Black Sunday
- First edition cover
- Author: Thomas Harris
- Language: English
- Genre: Crime novel, Psychological thriller
- Publisher: G.P. Putnam's Sons
- Publication date: 1975
- Publication place: United States
- Media type: Print (hardback)
- Pages: 318
- ISBN: 0-399-11443-2
- OCLC: 1123602
- Dewey Decimal: 813/.5/4
- LC Class: PZ4.H3163 Bl PS3558.A656

= Black Sunday (novel) =

1975 novel by American writer Thomas Harris

Black Sunday is a 1975 novel by American writer Thomas Harris.

The novel is a thriller about a plot by terrorists to commit mass murder during the Super Bowl in New Orleans, and law enforcement efforts to stop them. Harris wrote the novel after watching the 1972 Munich Olympics hostage crisis, where members of the Black September Organization took Israeli athletes hostage and murdered them.

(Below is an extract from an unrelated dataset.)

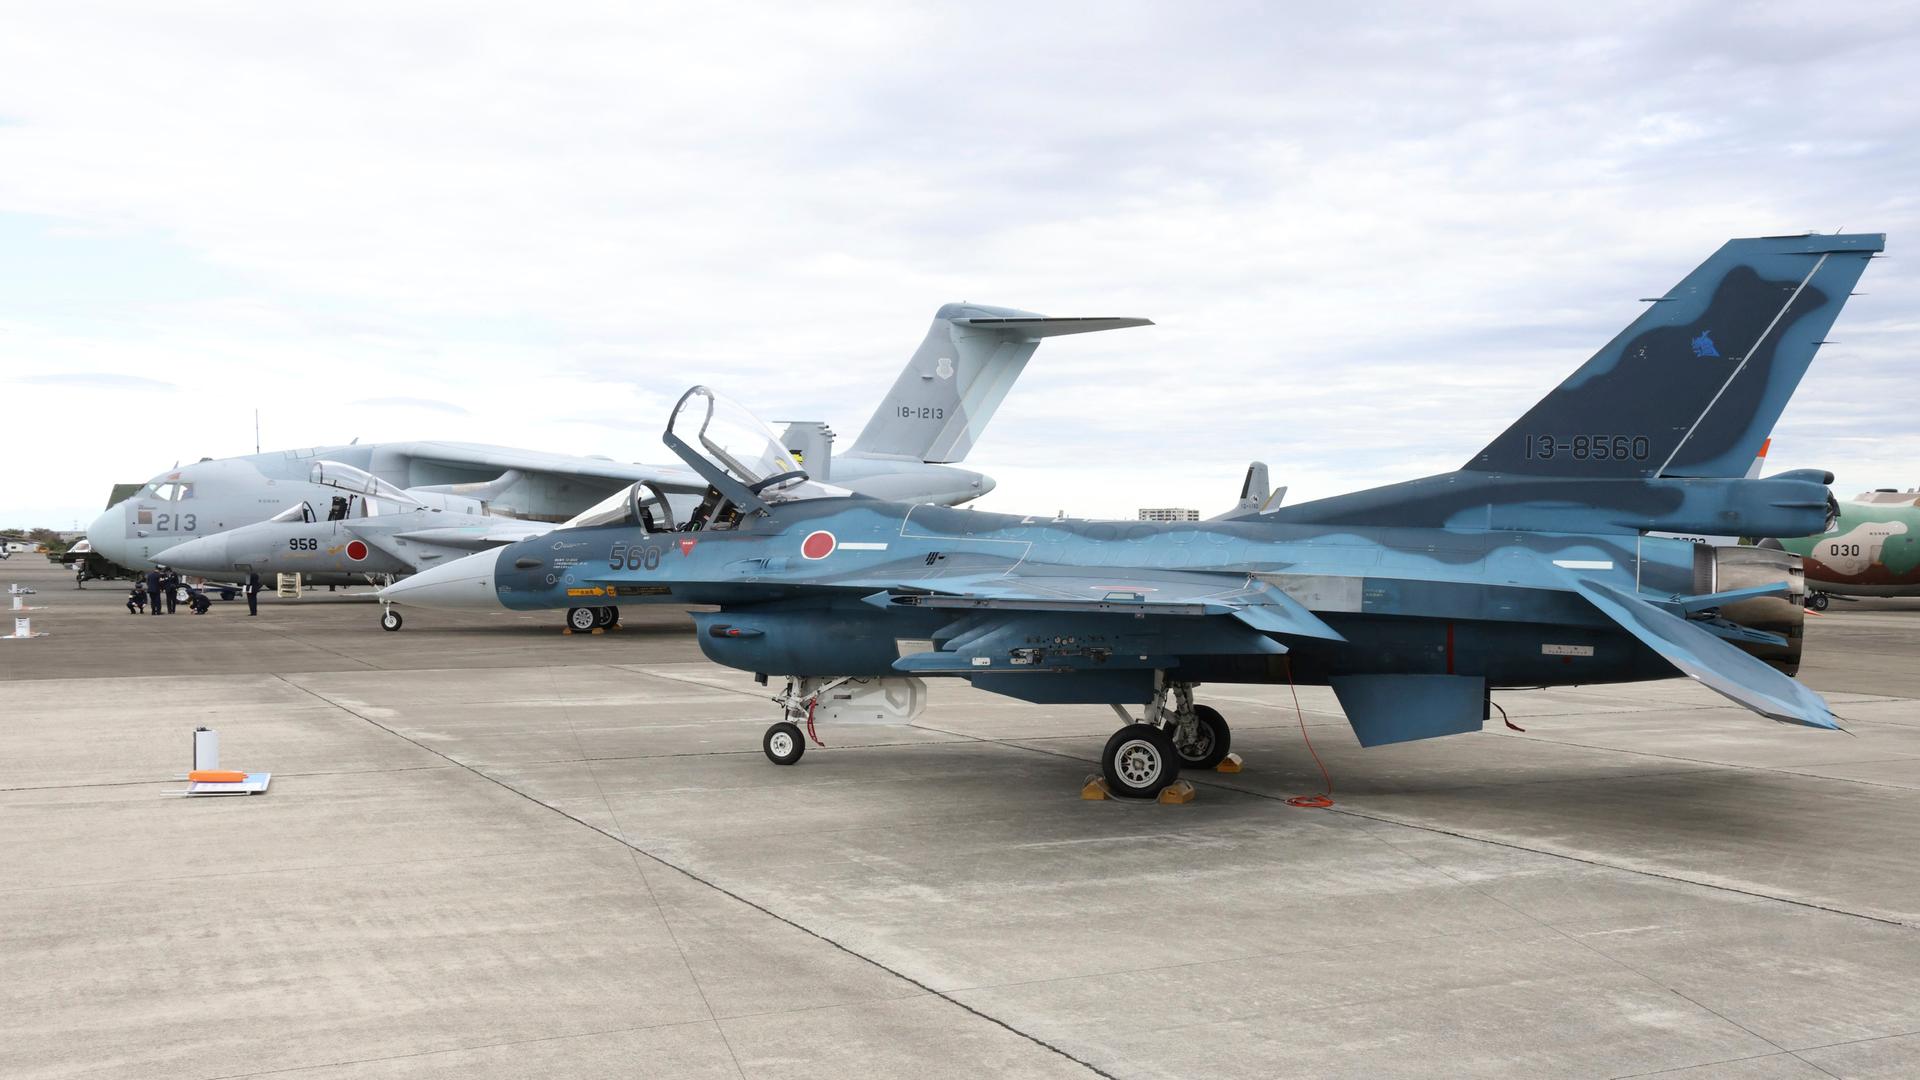 Japan - Regierung genehmigt Export von Kampfflugzeugen

It was the first novel by Harris, and achieved only moderate success until it was sold to Hollywood. The 1977 film adaptation was a moderate critical and financial success, and sparked interest in the novel. Black Sunday is one of the two books by Harris not to involve the serial killer Hannibal Lecter. In his introduction to a new printing of the novel in 2007, Harris states that the driven, focused character of terrorist Dahlia Iyad was an inspiration for and precursor to Clarice Starling in his later Lecter novels.

== Plot ==
Michael Lander is a pilot who flies the Aldrich Blimp over NFL football games to cover them for network television. He is also secretly deranged by years of torture as a prisoner of war in Vietnam, a bitter court martial on his return, and a failed marriage. He longs to commit suicide and to take with him as many as possible of the cheerful, carefree American civilians he sees from his blimp each weekend.

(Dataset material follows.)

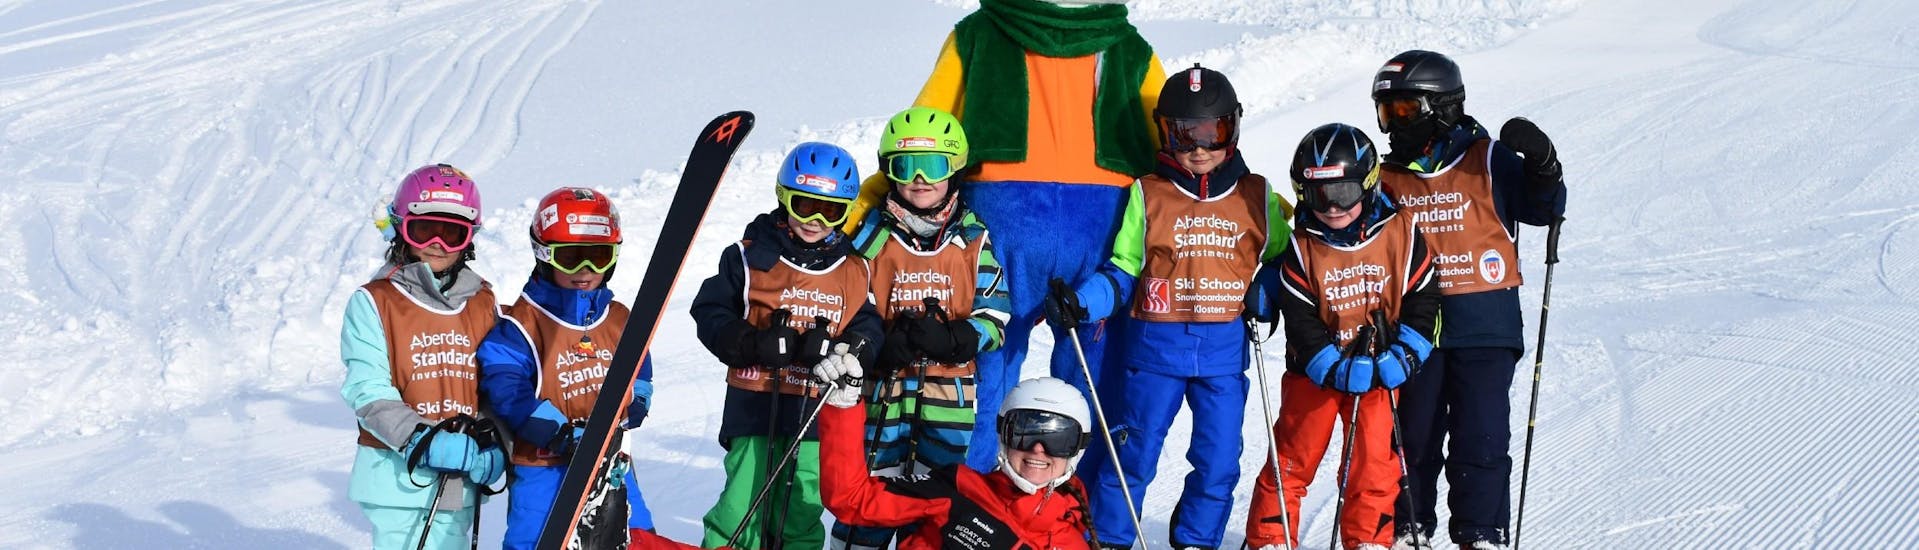 Skilessen voor kinderen (vanaf 3 jaar) voor beginners.

Lander conspires with Dahlia Iyad, an operative from the Palestinian terrorist group Black September, to launch a suicide attack using a bomb composed of plastique and a quarter million flechettes, housed on the underside of the gondola of the blimp, which they will detonate over Tulane Stadium during a Super Bowl between the Miami Dolphins and the Washington Redskins. Dahlia and Black September, in turn, intend the attack as a wake-up call for the American people, to turn their attention and the world's to the plight of the Palestinians.

American and Israeli intelligence, led by Mossad agent David Kabakov and FBI agent Sam Corley, race to prevent the catastrophe. They piece together the path of the explosives into the country, and Dahlia's own movements.

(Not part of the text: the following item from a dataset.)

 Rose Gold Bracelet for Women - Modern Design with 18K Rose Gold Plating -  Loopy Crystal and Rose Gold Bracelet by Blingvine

In the novel's conclusion, the bomb-carrying blimp is chased by helicopters as it approaches the packed stadium. The blimp manages to crash into the stadium, causing mass panic and destruction, but Kabakov's helicopter manages to pull the blimp out of the packed stadium just seconds before the weapon detonates over the Mississippi River. The explosion kills hundreds, including Kabakov, but thanks to their efforts they manage to prevent the death of tens of thousands more people.

==Film adaptation==

In 1977, a film was made based on the novel starring Robert Shaw and Bruce Dern and directed by John Frankenheimer.
The following is a list of elements of the novel that were changed for the movie:
- The Super Bowl is moved from a fictional matchup between Miami and Washington in New Orleans' Tulane Stadium (the two teams had met in a Super Bowl in the 1970s, but that was Super Bowl VII which took place at the Los Angeles Memorial Coliseum) to the actual Super Bowl X between the Pittsburgh Steelers and Dallas Cowboys in Miami's Orange Bowl.
- The fictional "Aldrich" blimp in the novel, is replaced by the genuine Goodyear blimp in the film.
- Moshevsky is not killed in the novel, and is the last character depicted as he boards his flight back to Israel.
- Kabakov and Agent Corley are both killed in the explosion of the blimp in the novel, but both survive in the film.
- Mohammed Fasil is arrested and Moshevsky brings him to be tried for his masterminding of the Munich Massacre at the end of the book. In the film, Fasil is killed by Kabakov when his Miami location is discovered.
- The novel states that "the final casualty list totaled 512", including 14 deaths at the stadium. The movie implies that, while there were certainly injuries and probably deaths in the stadium during the panicked chaos when the blimp was flown in, the dirigible was dragged quickly and far enough away from the location to ultimately explode all of its deadly ordnance into the Atlantic Ocean and not cause casualties there.